▶ ASSIGNMENT
All lines from the one that contains "ProRestore ODORx 9-D-9 - Case of 4" to the end of the data must be retyped exactly. Pictures are not retyped.

*** Opening DATA ***

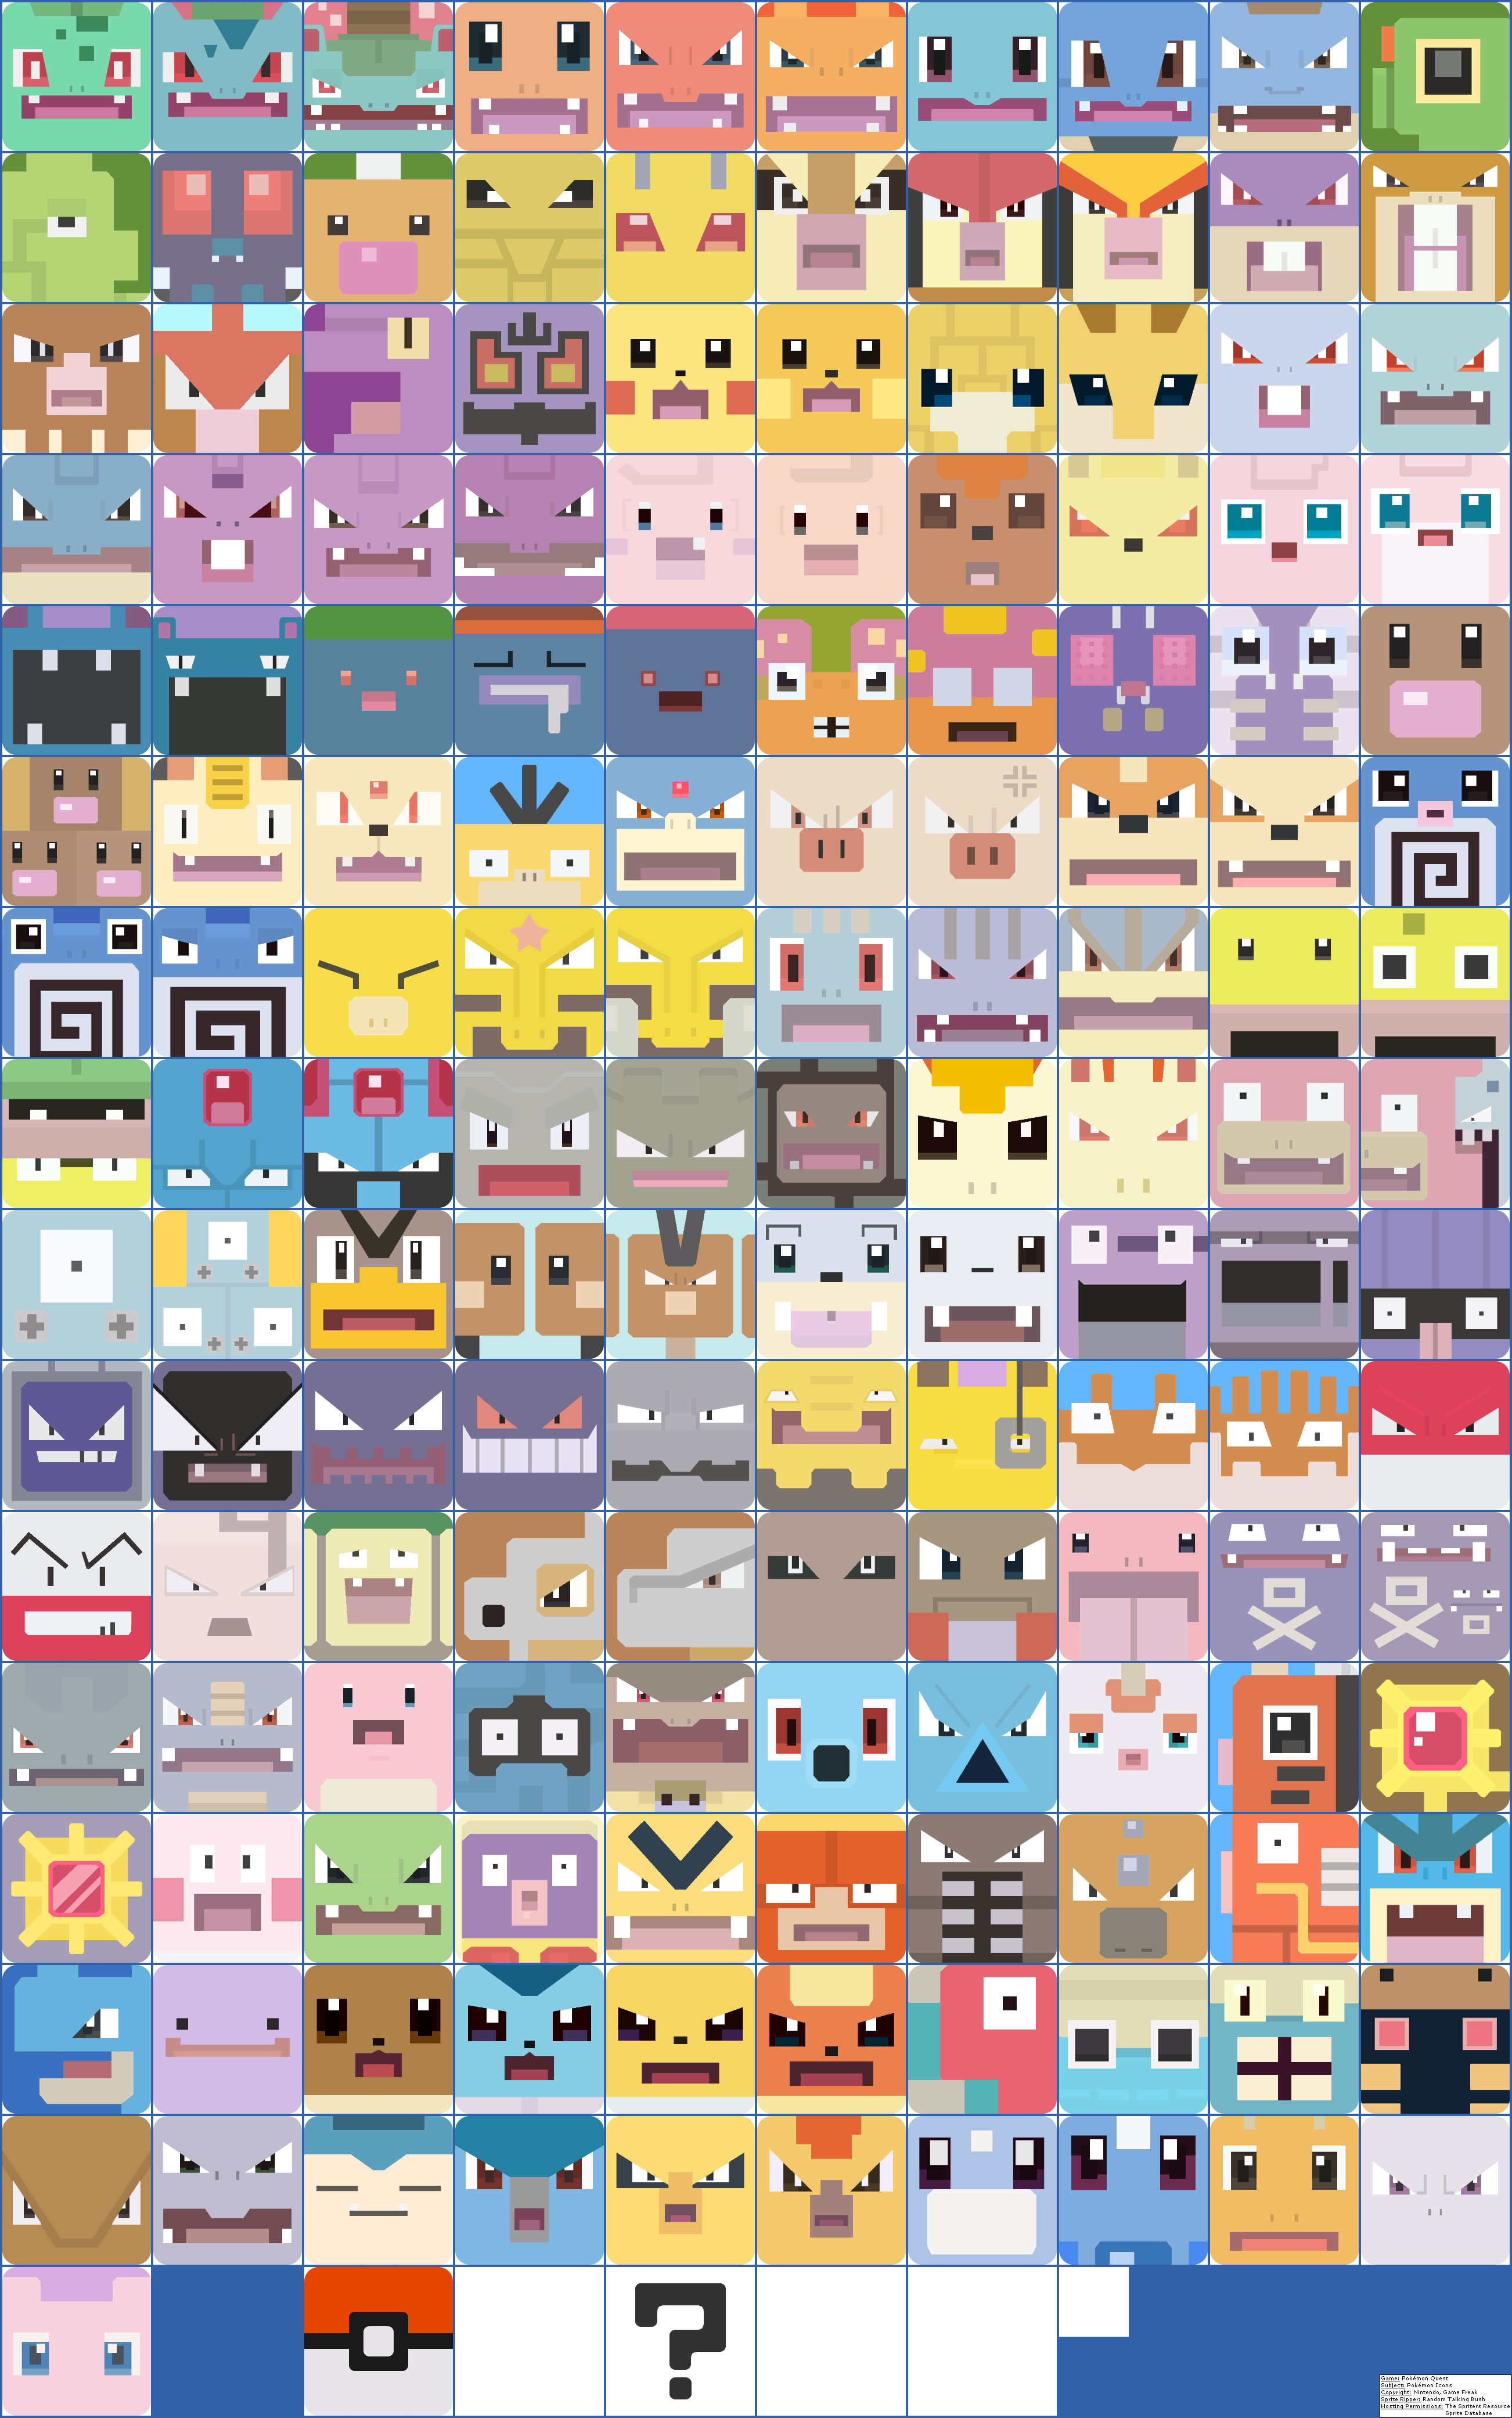 Pokémon Icons
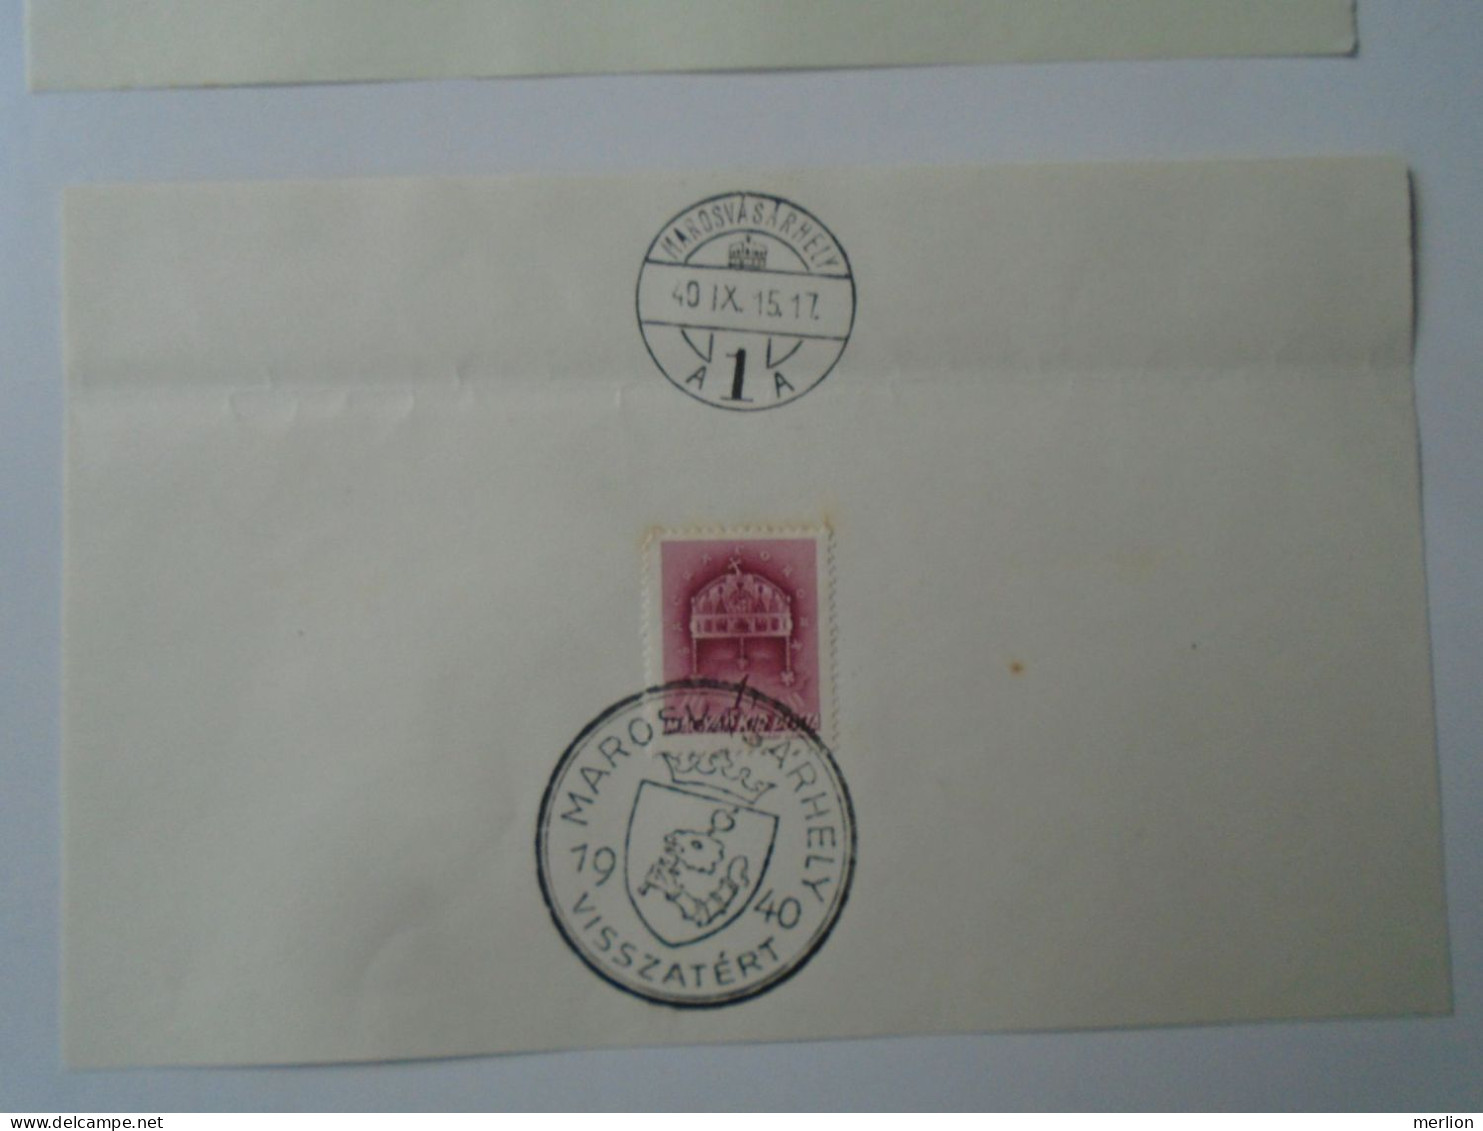 ZA451.31  Hungary  -Kolozsvár,Gyergyószentmiklós, Kézdivásárhely, Marosvásárhely Visszatért -Commemorative Postmark 1940 - Poststempel (Marcophilie)
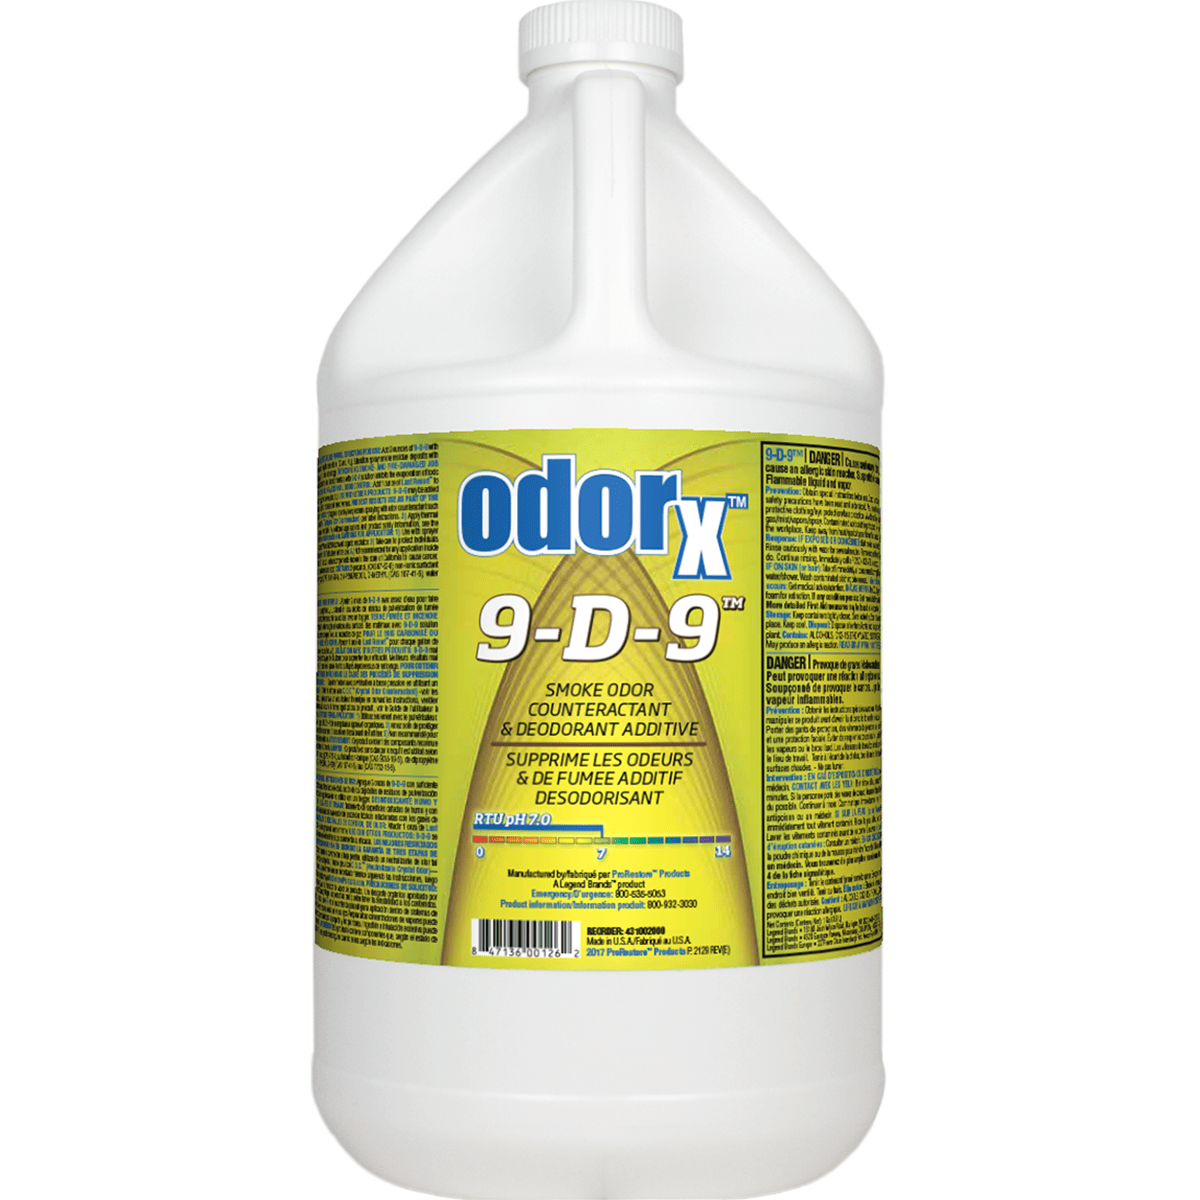 ProRestore ODORx 9-D-9 - Case of 4
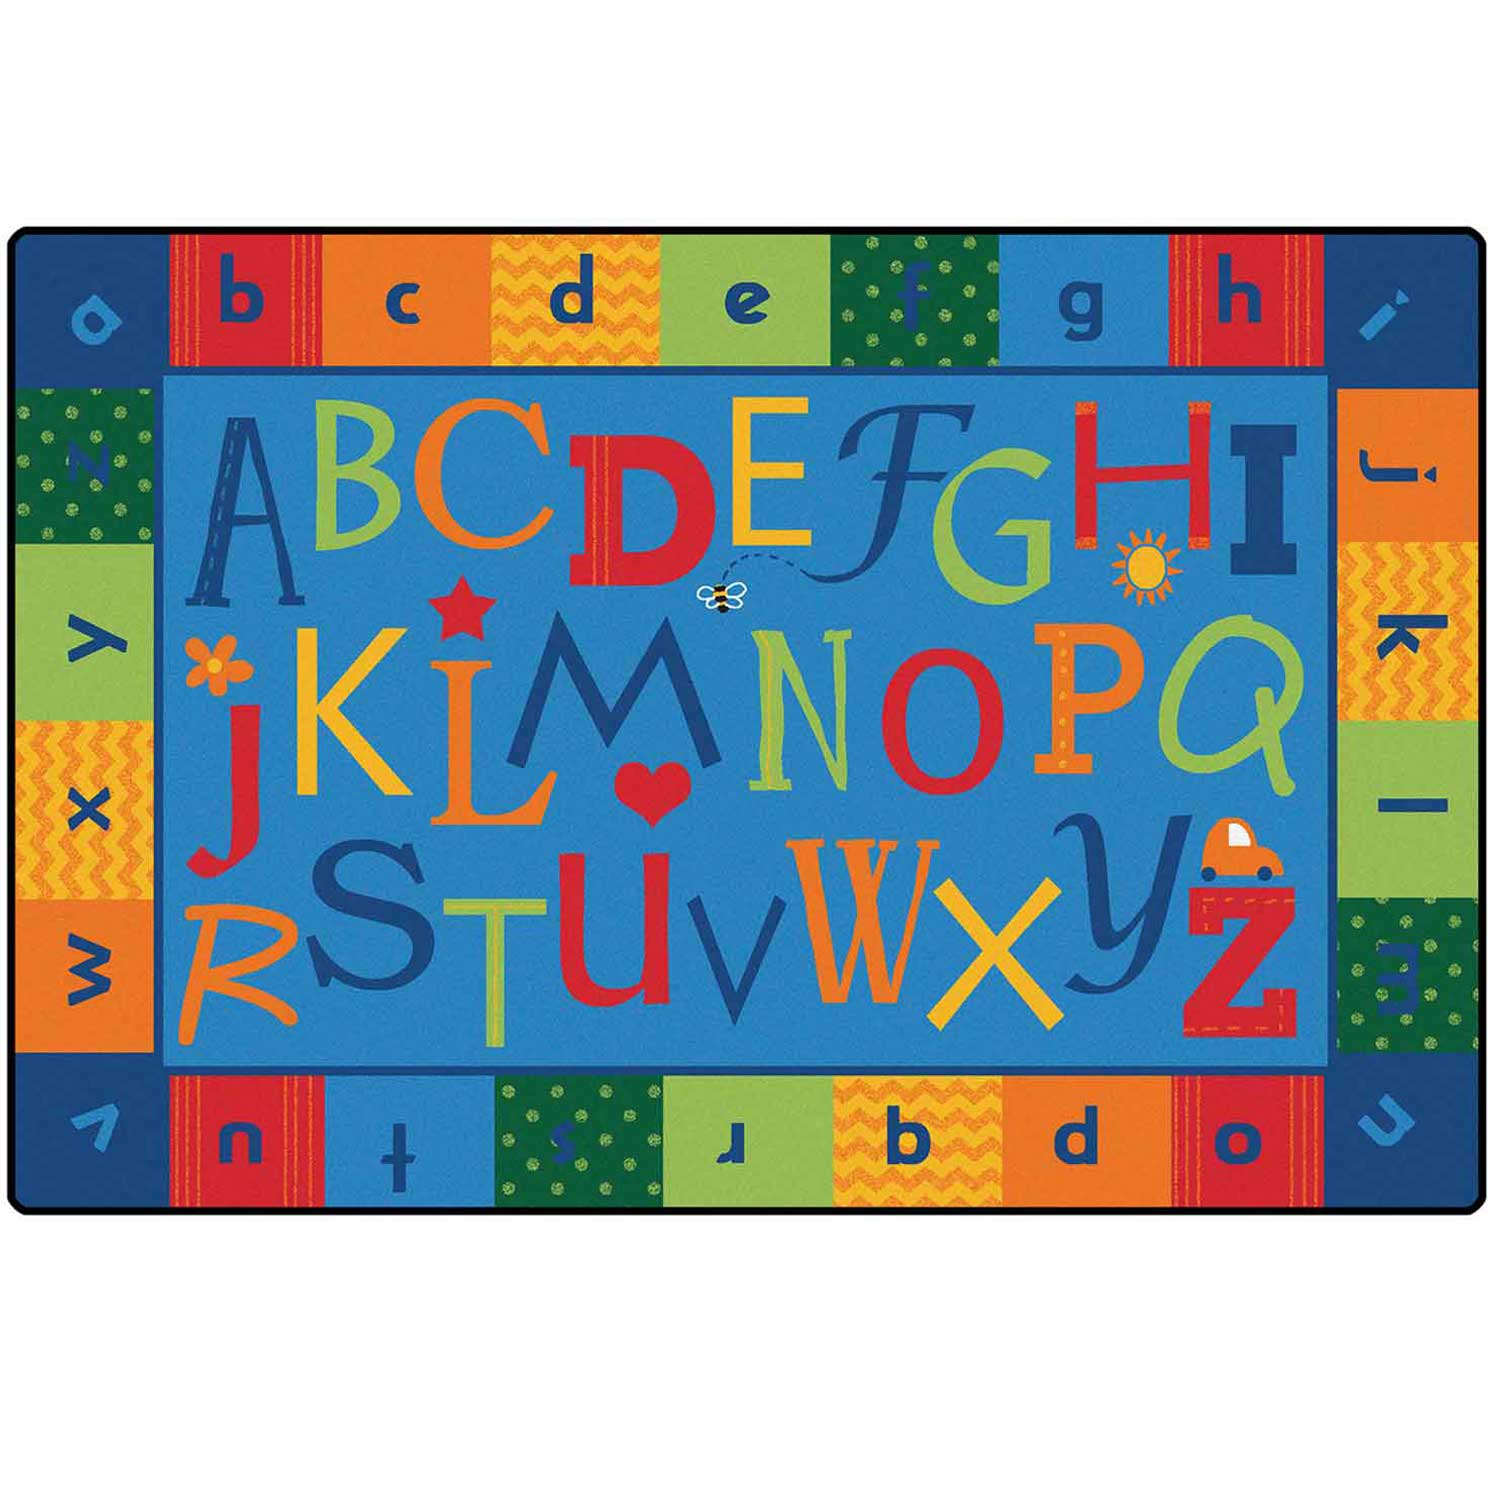 KIDSoft™ Alphabet Around Literacy Rug

*** Closing DATA ***

▶ RESULT BELOW
 ProRestore ODORx 9-D-9 - Case of 4
 KIDSoft™ Alphabet Around Literacy Rug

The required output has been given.